Вы знаете, я даже сохранил мои старые лохмотья и время от времени показывался в них, ради удовольствия купить какой-нибудь пустяк и быть обруганным, а потом убить ругателя наповал миллионным билетом. Но и это продолжалось недолго. Мои лохмотья стали настолько известны по карикатурам в газетах, что меня сразу узнавали, когда я появлялся в них, и целая толпа ходила за мной по пятам, и если я покушался что-нибудь купить, хозяин немедленно предлагал мне весь магазин в кредит, даже еще не видя билета.
Приблизительно на десятый день своей славы я решил отдать долг родине, сделав визит американскому посланнику. Он попенял мне за то, что я так долго медлил с визитом, и сказал, что простит меня только в том случае, если я соглашусь отобедать у него сегодня вечером, заняв свободное место одного из гостей, который заболел. Я согласился, и мы разговорились. Оказалось, что они с моим отцом были в детстве школьными товарищами позже учились
Сказать по правде, я не только охотно согласился, но даже был рад. Когда произойдет крах, посланник, может быть, сумеет как-нибудь спасти меня от окончательной погибели; я не знал еще, каким образом, но, может быть, он сумеет найти выход. Дело шло к концу, и я так и не отважился открыться ему, что не замедлил бы сделать в начале моей головокружительной карьеры. Нет, я не мог осмелиться на это теперь, я слишком далеко зашел, для того чтобы рисковать, разоблачая себя перед новым другом, хотя, в сущности, если разобраться, я зашел не дальше, чем следовало. Видите ли, при всех моих займах я старался держаться в пределах моих средств, то есть в пределах моего жалованья.
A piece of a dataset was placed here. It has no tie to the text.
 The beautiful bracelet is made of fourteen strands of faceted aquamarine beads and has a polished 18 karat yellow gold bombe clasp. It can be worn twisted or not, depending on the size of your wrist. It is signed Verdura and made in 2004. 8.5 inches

Разумеется, я не мог знать, какое мне положат жалованье, но для моих расчетов у меня имелось достаточное основание: если я выиграю пари, я смогу выбирать любое место, какое только имеется в распоряжении этого богатого джентльмена, если окажусь пригоден, — а я конечно окажусь пригоден, в этом я нисколько не сомневался. Что касается пари, то о нем я не беспокоился, мне всегда везло. Я рассчитывал на жалованье от шестисот до тысячи в год: скажем, в первый год шестьсот — и так далее год за годом, пока я не дойду до высшей цифры, показав, на что способен. До сих пор я задолжал всего только мое жалованье за первый год. Все наперебой предлагали мне деньги взаймы, но я держался твердо и почти всегда отказывался под тем или иным предлогом, так что мой долг состоял всего из трехсот фунтов, взятых взаймы, и еще трехсот, которые пошли на мое содержание и покупки. Я был уверен, что на жалованье за второй год я сумею прожить до конца месяца, если буду по-прежнему расчетлив и экономен, а в этом отношении я намерен был проявить твердость. Когда месяц кончится и мой хозяин вернется из путешествия, все уладится: я поделю жалованье за два года между своими кредиторами и сразу примусь за работу.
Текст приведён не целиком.